- **Assignment**: Pictures excluded, copy all of the data below exactly.

- **Information provided**:
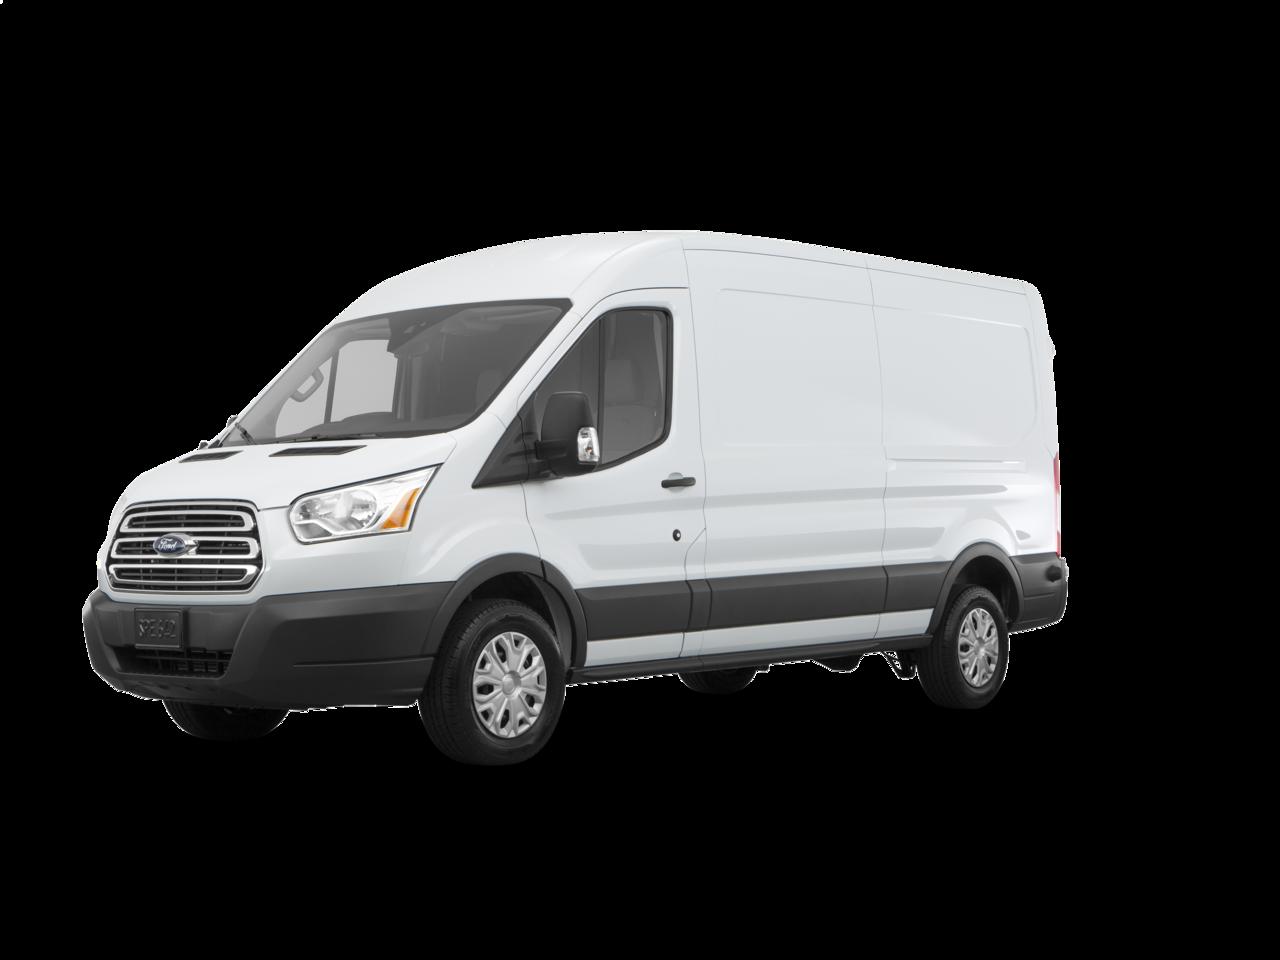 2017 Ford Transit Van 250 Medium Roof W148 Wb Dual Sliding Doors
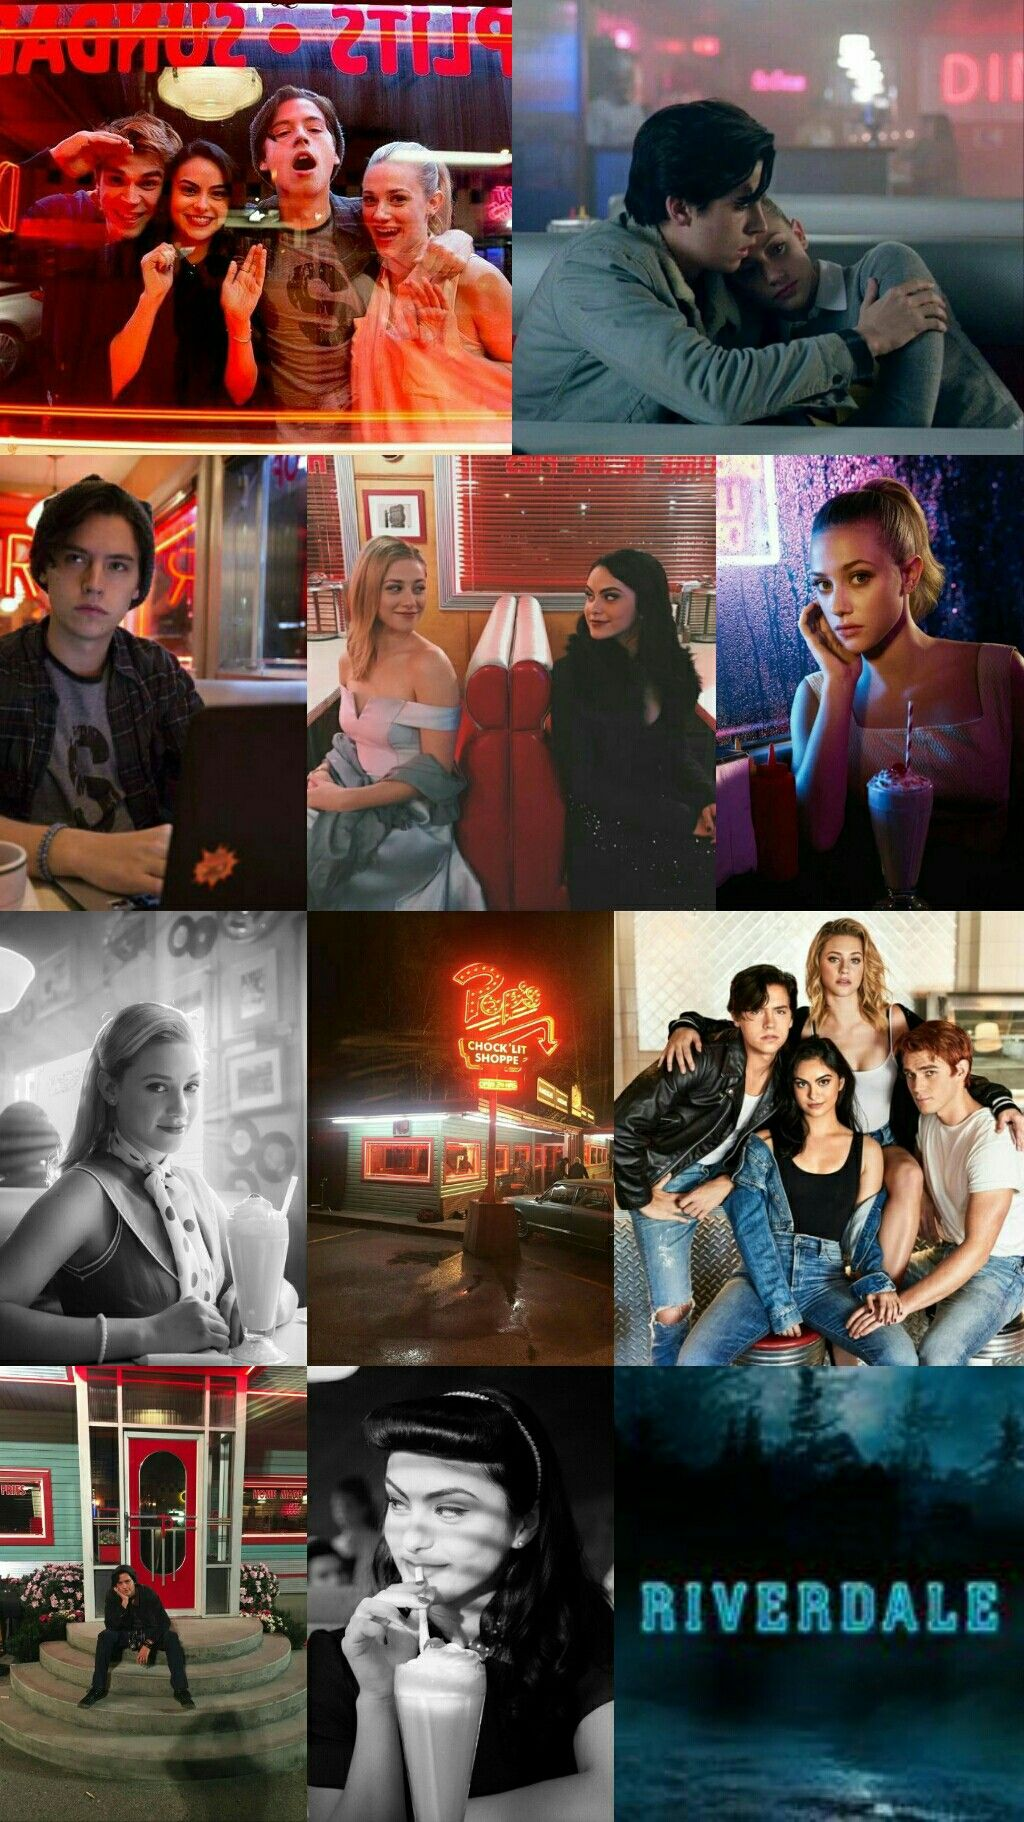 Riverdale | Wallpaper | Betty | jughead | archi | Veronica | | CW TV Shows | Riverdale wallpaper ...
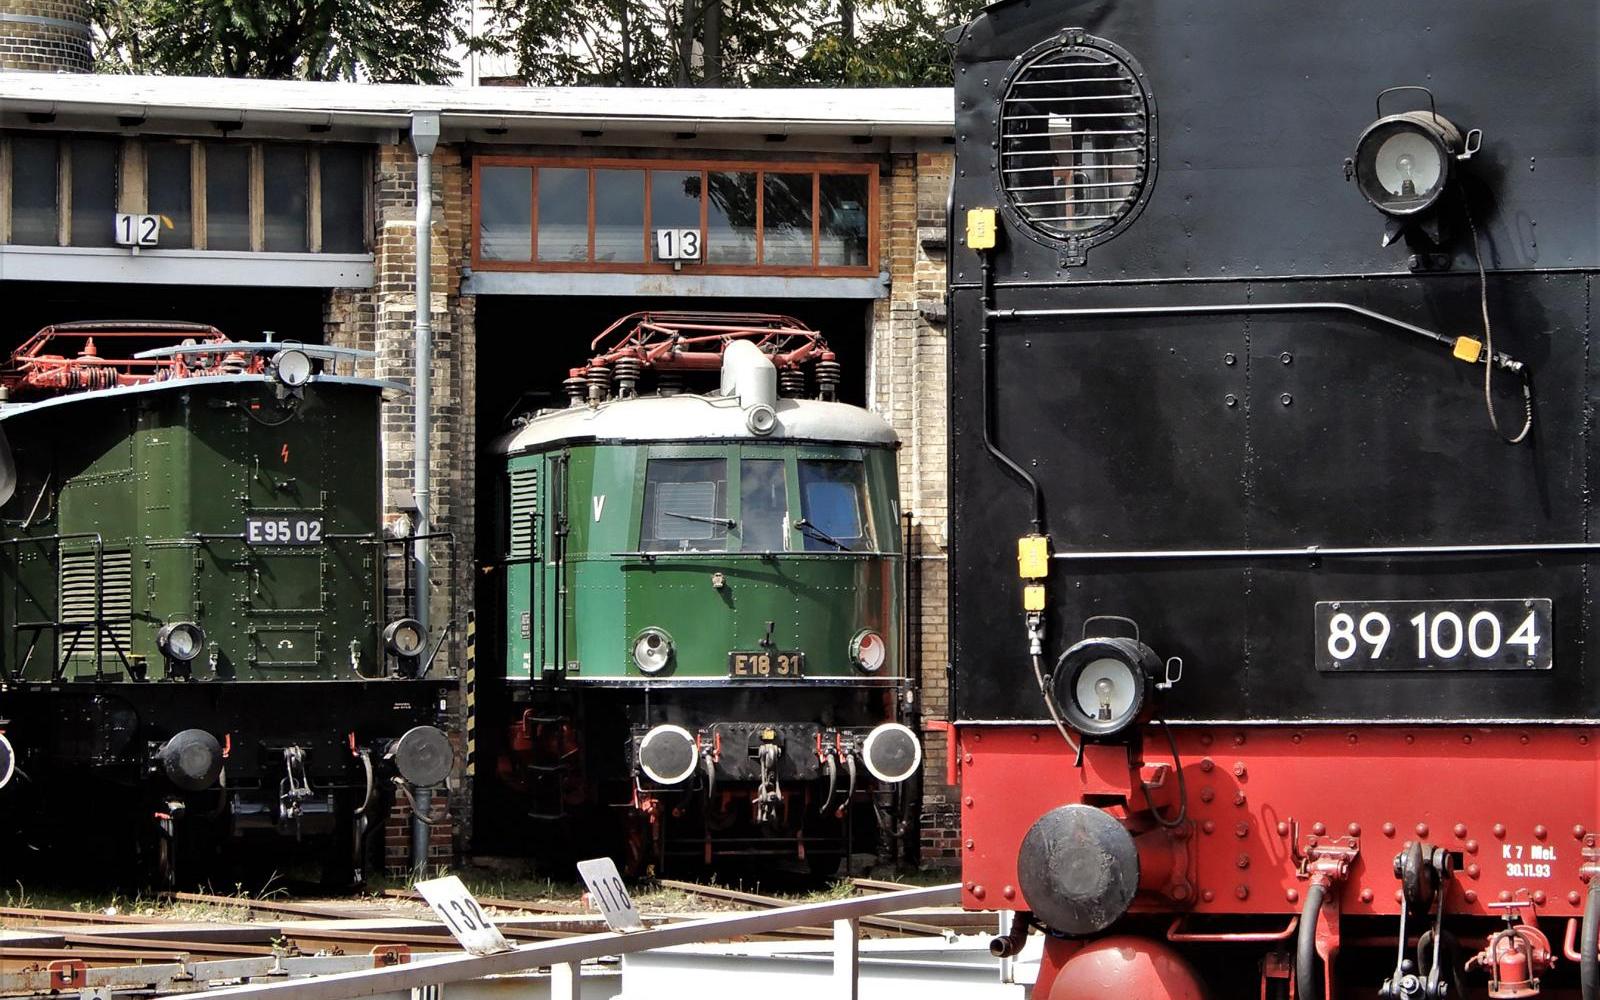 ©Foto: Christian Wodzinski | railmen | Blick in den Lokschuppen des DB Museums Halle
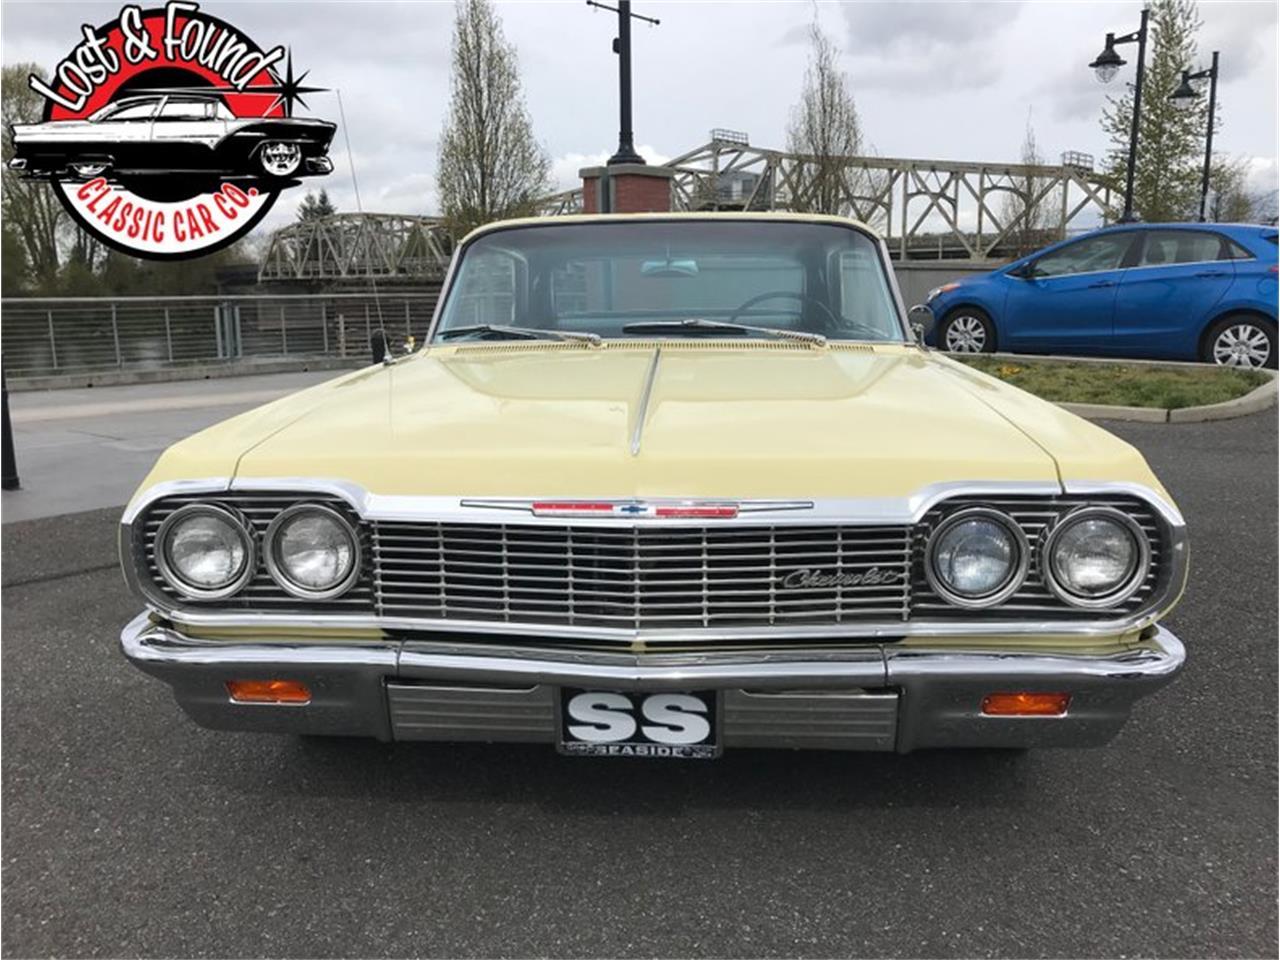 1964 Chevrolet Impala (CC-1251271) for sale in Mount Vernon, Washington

- **Task result**:
 2017 Ford Transit Van 250 Medium Roof W148 Wb Dual Sliding Doors
 Riverdale | Wallpaper | Betty | jughead | archi | Veronica | | CW TV Shows | Riverdale wallpaper ...
 ©Foto: Christian Wodzinski | railmen | Blick in den Lokschuppen des DB Museums Halle
 1964 Chevrolet Impala (CC-1251271) for sale in Mount Vernon, Washington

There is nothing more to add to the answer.